PA: Alright, let me ask you one final question. I started at Columbia as a student in 2010, the very first year that Kyle Smith took over. And watching this team over the last five years, and then from afar this last year, every year the growth and excitement, every year the fans coming out in droves year over year, culminating in the CIT final — I think there are some people who would have said you couldn’t see that sort of excitement at a Columbia sporting event. What would you say to those fans who have become so invested in this team? What would you say to them about getting excited about the 2016-17 edition of the Lions.
JE: I think I’m coming in here understanding how important athletics are to these alums, and to the people surrounding the program, and obviously the kids and parents who have invested and committed to being involved in the program. So I think I understand the mission of what the school is trying to accomplish. And I certainly know how happy — I watched the championship game on TV, and I saw how the crowd reacted, and I saw the gym packed. Those are moments for these people, because they want to see those moments. They want to win a championship. And that’s exactly how I envision this. That’s what I want to do. I really want to win for all those people who’ve been with Columbia for such a long time, and have been fans through the good times and the bad times. That’s our goal, that’s our mission, to make sure we obviously understand — we want to win for ourselves, and we want to do the right thing for ourselves, but I think we also understand the commitment level we have to the people surrounding the program.

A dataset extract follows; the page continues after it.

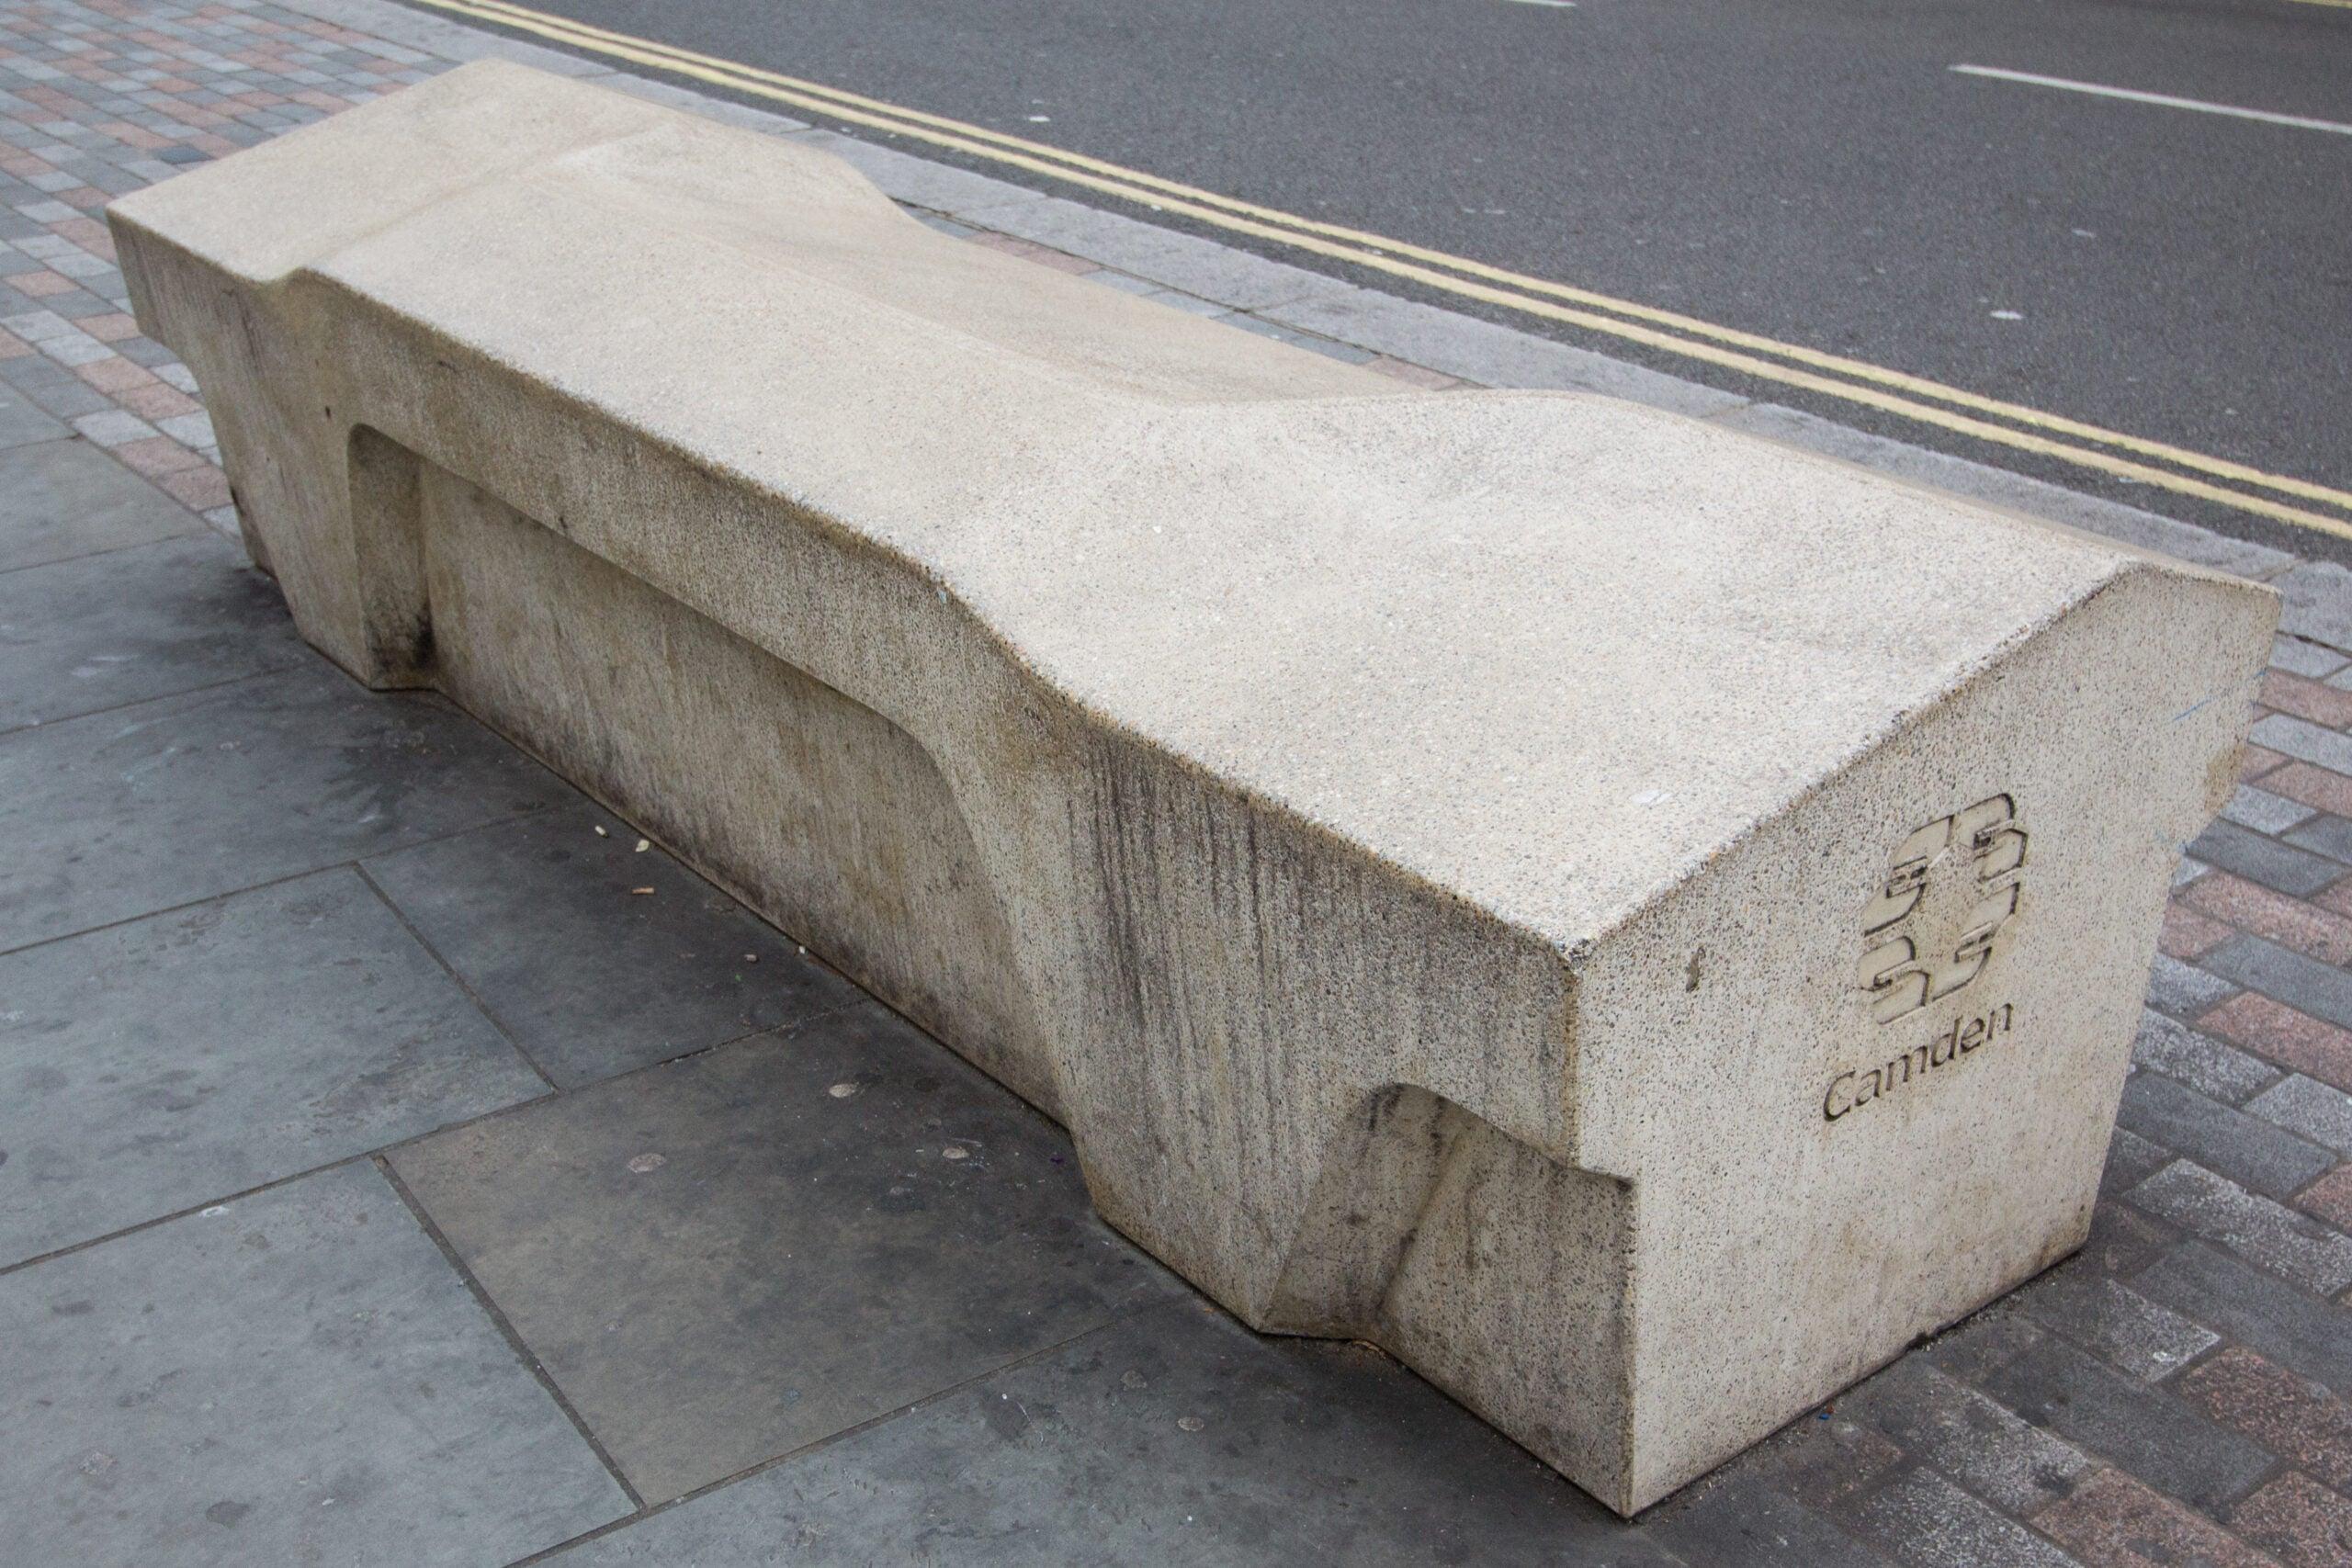 A concrete camden bench

So we’re definitely going to our best to do what we’re supposed to do. Make sure that we put a team on the court that will hopefully continue the progress that they’ve shown, and I think the next step is after they’ve won a CIT championship is to use the success they’ve had and continue it and hopefully grow off it.
PA: Well, Coach, thank you so much for coming on On The Vine. You’re actually our first coach ever to appear on the show. Thanks so much for taking the time out — I’m sure it’s a busy transition for you, and good luck to you in building the Columbia Lions basketball program.
JE: I appreciate. Hopefully I didn’t set the standard too high for the next coaches as they follow me.